Not that I care that much anymore. We are moving our 5000+ user instance to a different solution solely because of this issue. Waited over 2 years for a fix and it never arrived. It’s inexcusable how a piece as important as logging in can be left broken and ignored for so long, especially when there are so many users reporting it. Should have at least had the option of turning off session token auth and let the admin have the users login using the old method which works.

I can confirm that it's the session token login method that appears to be
broken. The app explicitly tells me that this login method failed, and
then falls back to the old login method, which then also stalls (possibly
due to the problem Tobias mentioned, but I wouldn't know), making login
impossible. The ownCloud app doesn't support session token login, so
ownCloud doesn't suffer from this problem and login works flawlessly and
immediately.

So, the short term fix is trivial: Disable the session token login in the
app, given that it's clearly not working and leaving users broken. Once
it's fixed and proven to work in all circumstances and no longer breaking
users, it can be re-enabled. But it makes no sense to keep it on, when
it's making login impossible for a many users, and when it's consequently
making the app and NextCloud itself useless.

This fix should be quick to do, as it's just disabling a feature. Then
the proper fix can happen when it's ready, but at least we can log in and
use NextCloud in the meantime.

@rullzer as this now seems to be session token related.
Do you have an idea, why this can misbehave…?
We can debug @benbucksch server together.

@all there are lots of topics mixed up here.
E.g. the one from @benbucksch has nothing to do with the initial description, as there a successful login is there.
Quote from second post: "after what appears to be a successful login."

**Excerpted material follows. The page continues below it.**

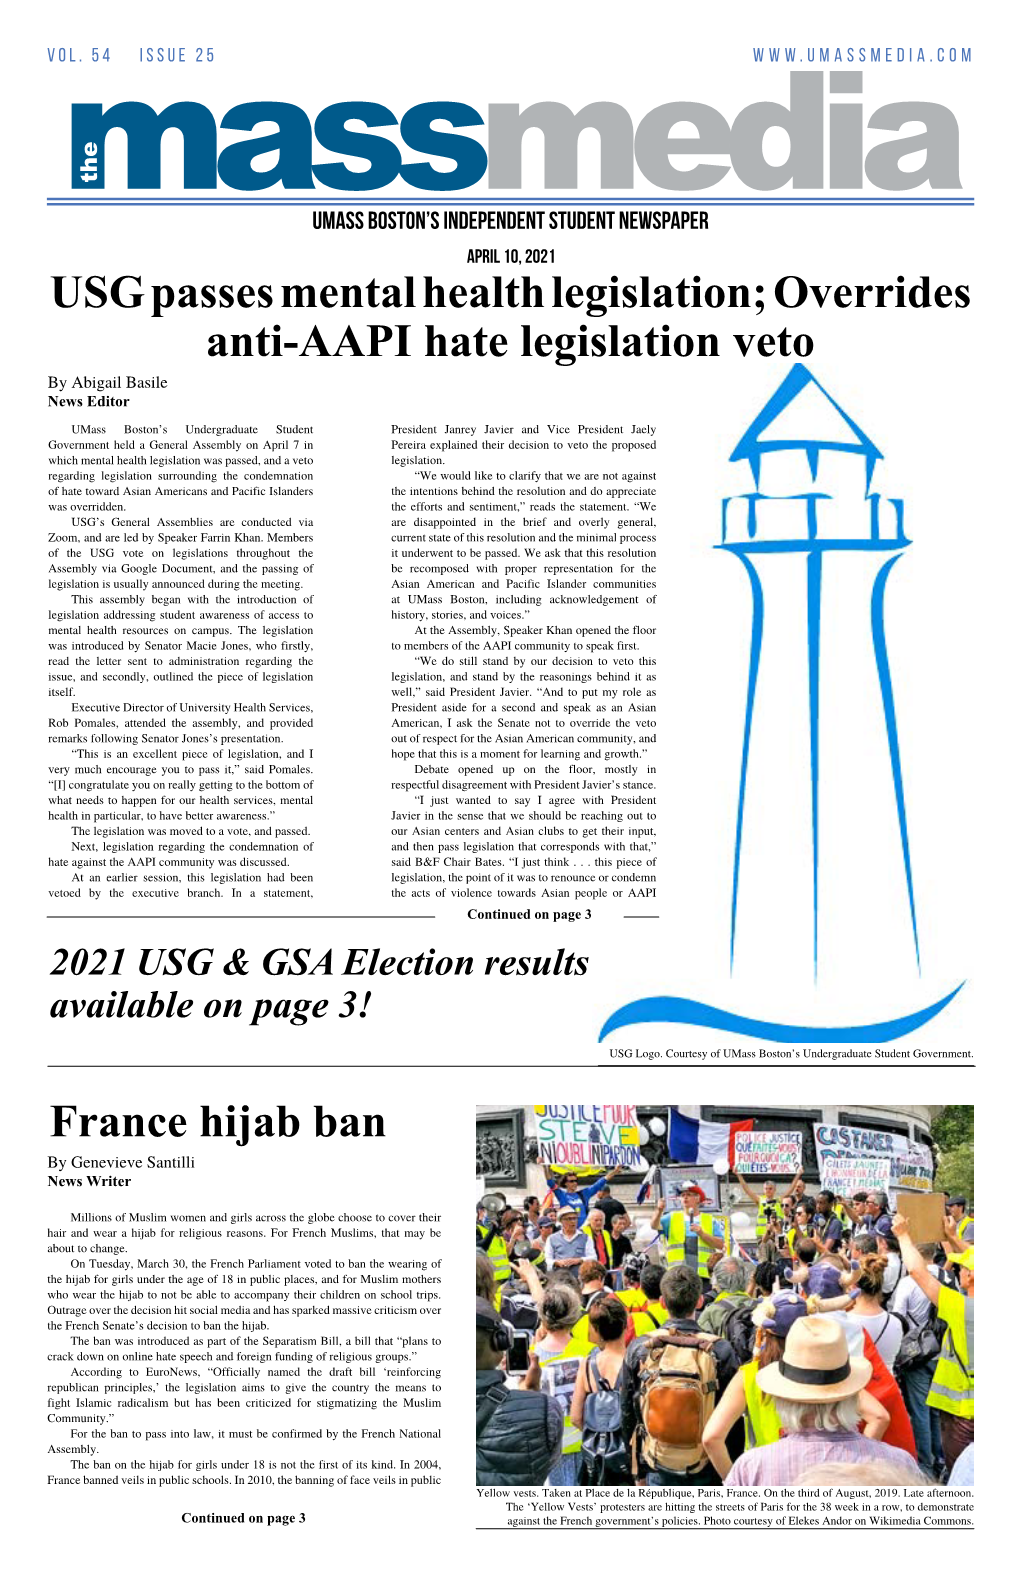 USG Passes Mental Health Legislation; Overrides Anti-AAPI Hate Legislation Veto by Abigail Basile News Editor
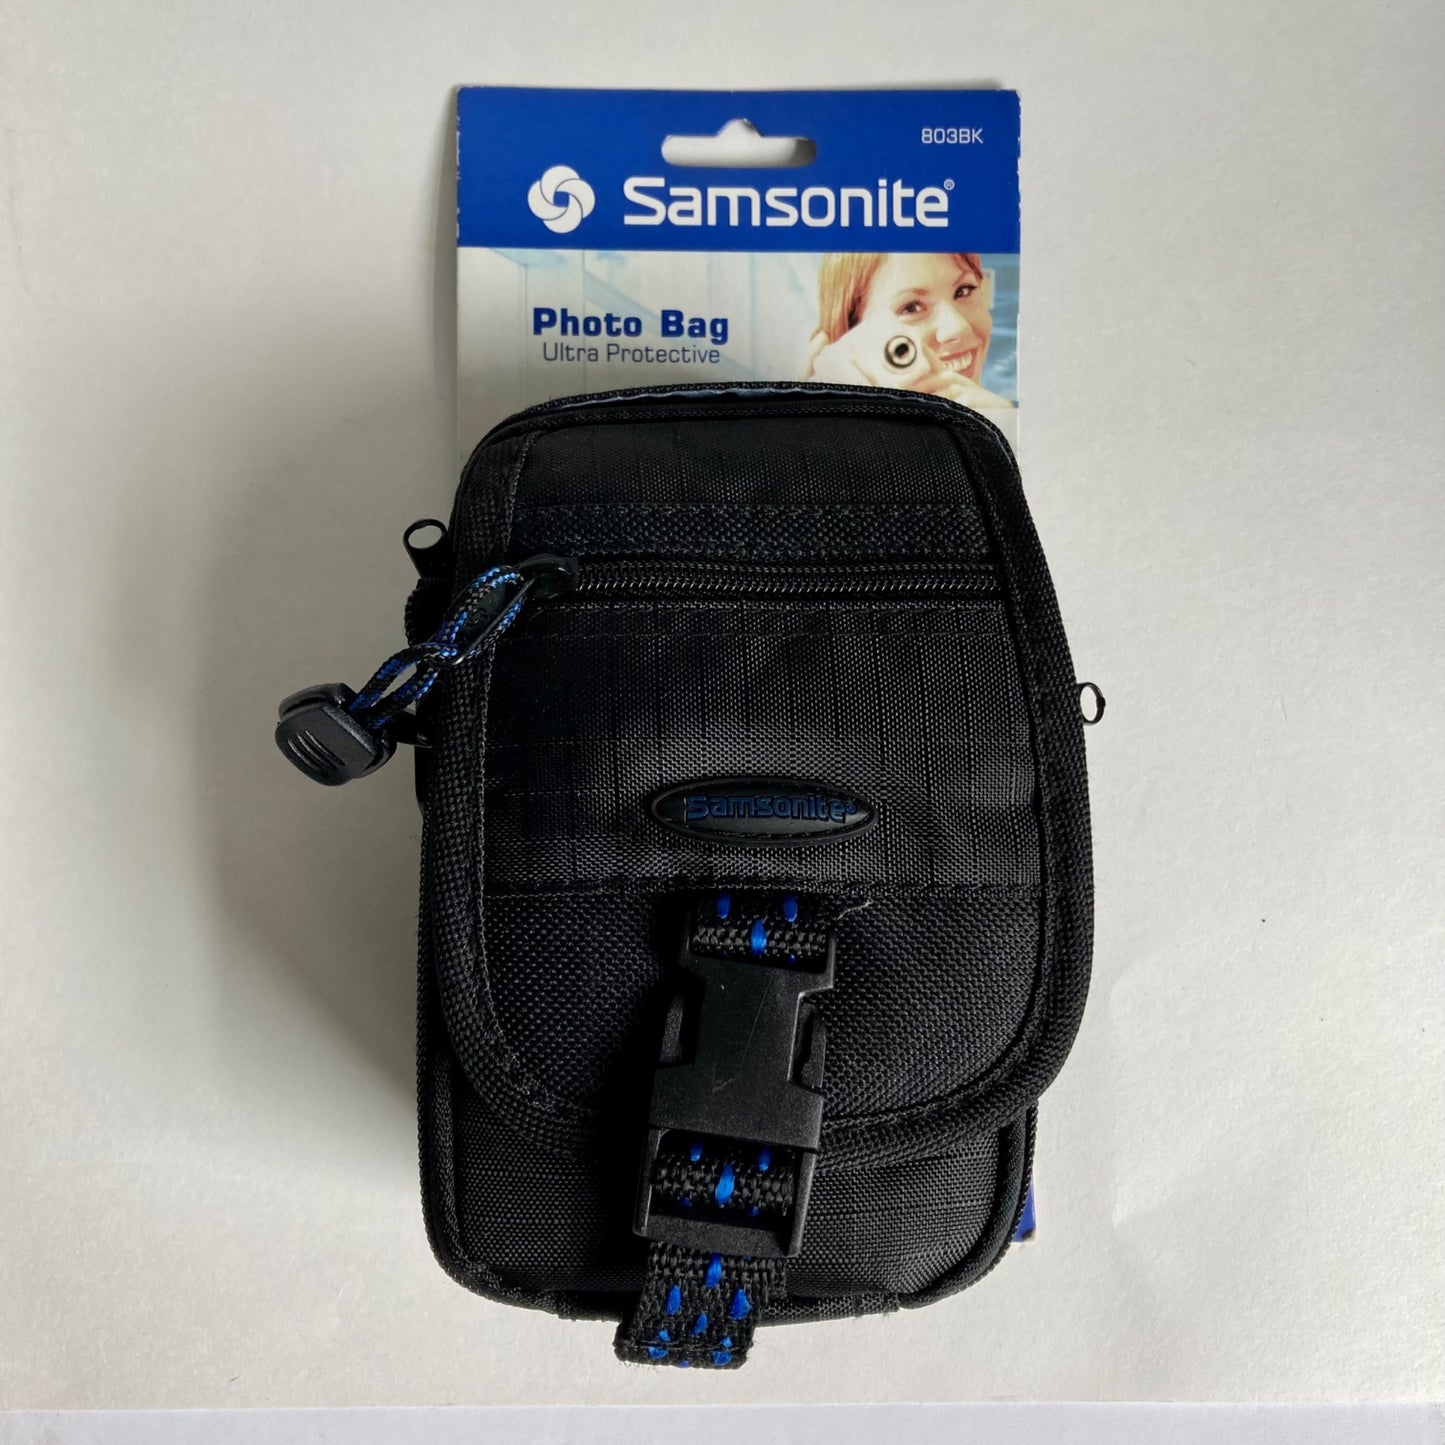 Samsonite 803BK Photo Bag 5-Pocket Small Camera Case w/ Shoulder Strap NEW!

So unless you do not have following, please open up a new issue:

• Android app was up and running
• user was logged in
• "suddenly" you get redirected to login page
• login works(!), but as soon as you see file list, you get redirected again ("Loop") to login

@benbucksch
I found this while debugging:

"Mixed Content: The page at 'https://storage.domain.org/login/flow/grant?clientIdentifier=&stateToken=HPtxIcGSIHH8hj3HMh1q5abexmvLuizFPYrO1Orfodn9ELkym7yVAxx4grKjiFWS' was loaded over a secure connection, but contains a form that targets an insecure endpoint 'http://storage.domain.org/login/flow'. 

In this case it looks like something with your https handling is wrong.